The investigators also found that there was a sweet spot in terms of the frequency of exercise, where there was the greatest benefit, and lowest risk for the outcome measures. For all-cause mortality, cardiovascular mortality, and major cardiovascular events, the sweet spot was “2-4 times per week” of exercise. Either more or less exercise was associated with greater risk. For the outcome measure of non-fatal cardiovascular events, though, there was little association with the frequency of exercise. These results are the ones that received attention in the press this week.
On the face of it, though, these findings about frequency of exercise might be deceiving.
The investigators also reported on the amount of exercise–the number of hours spent per week in physical activity. Again, there appeared to be a sweet spot where the risk of the outcome measures was least: 10-11 hours per week, for all-cause mortality and cardiovascular mortality and ~9 hours per week for major cardiovascular events. In each of these cases, a broad range in the amount of exercise, perhaps 5 to 16 hours per week, conveyed a benefit over no exercise at all. And similar to their findings for the frequency of exercise, the investigators found very little relationship between the amount of exercise and the outcome measure of non-fatal cardiovascular events. I don’t recall seeing these results reported in the media.
Take Home Messages
- There’s always more to the story than the headlines suggest.
- This study is a longitudinal, observational study. It is not a prospective trial, or experiment. Because of the study design, some will be critical about the results and conclusions. But realize that, for a variety of reasons, there will never be a 10-year trial where one group is told to exercise and another group is told not to exercise. As a result, the current study is the type of investigation that will continue to inform us about the issue of “too much exercise.” We should pay attention to the results.

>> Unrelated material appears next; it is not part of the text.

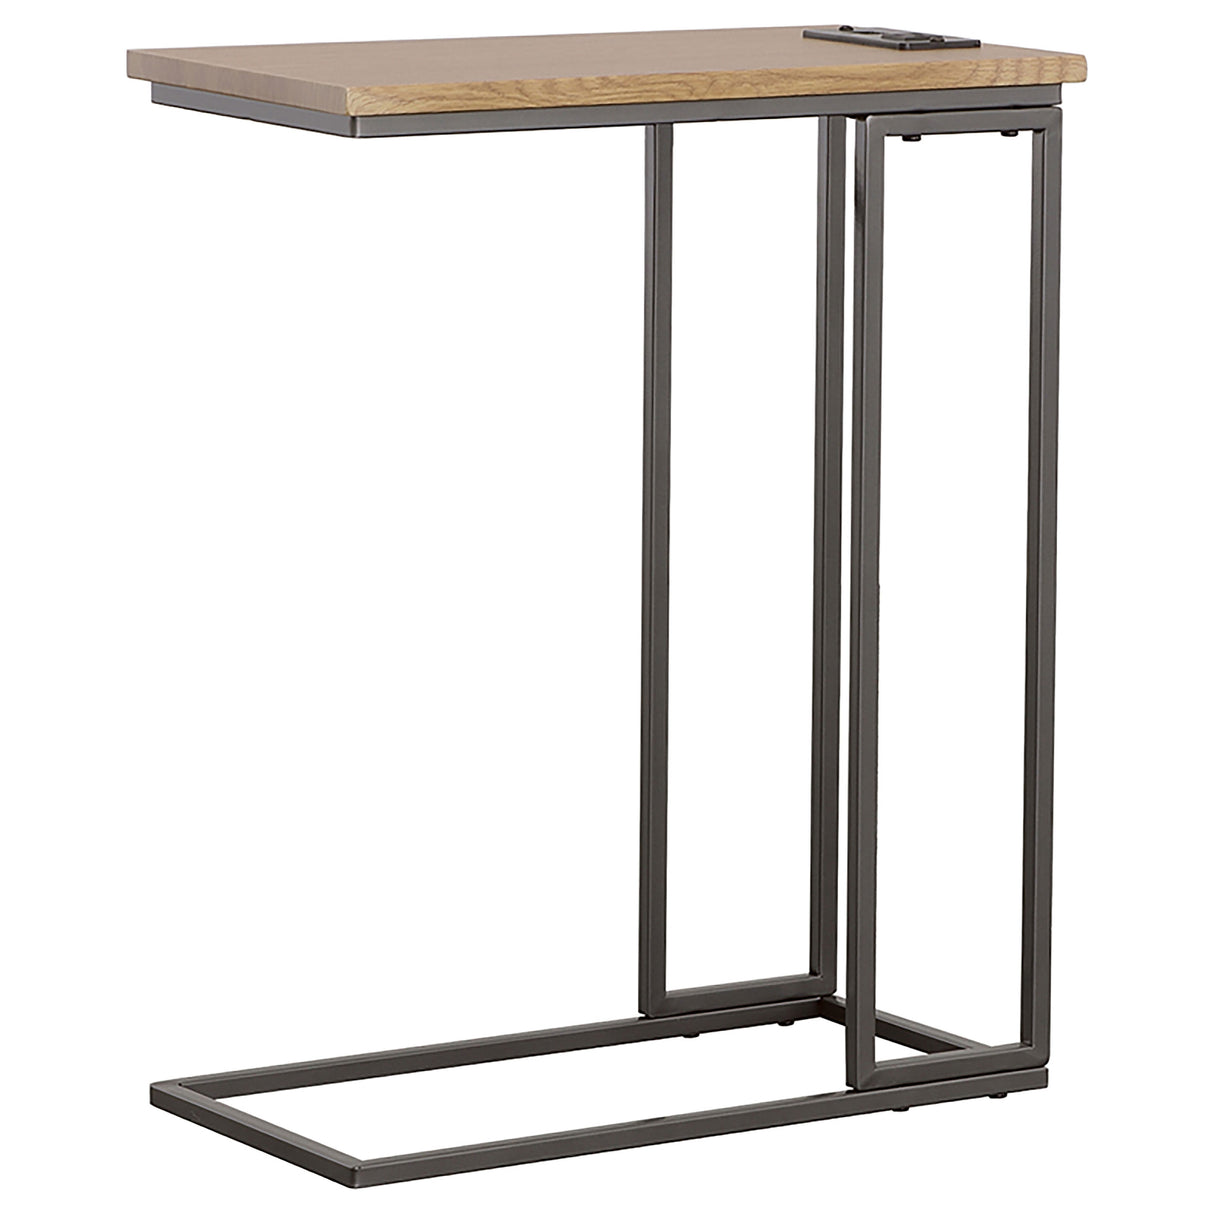 Side Table - Rudy Snack Table with Power Outlet Gunmetal and Natural

- This study involves individuals with known CAD. And recall that the typical enrollee was male, age 61, overweight, current/former smoker, with a history of MI and high blood pressure. Remember to keep in mind, then, that the results and conclusions apply to THIS group of individuals. This study does NOT speak to the issue of “too much exercise” for healthy individuals.
- The greatest risk for the outcome measures was identified for those individuals who exercised the least. This is the most important finding of the study. This finding is consistent with my personal experience caring for such patients. In this group of patients, like elsewhere in our society, we have a problem of too little exercise, not too much. Don’t lose sight of this message.
- CAD is common. For the very large group of patients with CAD, there is a real and practical issue of how much exercise to recommend, or to “prescribe.” We want patients to derive the most benefit possible. And we want them to avoid unnecessary risk. This study suggests that “2-4 times per week” is the sweet spot for frequency of exercise but that a rather generous ~9-10 hours per week is the sweet spot for the amount of exercise. We should pay attention to these findings when we make recommendations to patients with CAD.
- For patients with CAD who choose to exercise beyond these sweet spots, I’d advise caution. Obviously, “2-4 times per week” and ~9-10 hours is quite a bit of exercise, and possibly far in excess of what is recommended by the AHA guidelines. So there’s obviously room for considerable activity and sports participation up to these sweet spots. For any level of planned exercise, individuals with known CAD ought to work with their doctor(s) to settle on what is safe and appropriate given their particular circumstances, realizing that the benefits and risks will not be the same for every individual. Beyond these sweet spots, though, the motivation for additional exercise is probably something other than one’s health. In that situation, judgements need to be made about the trade-off between additional exercise and additional risk.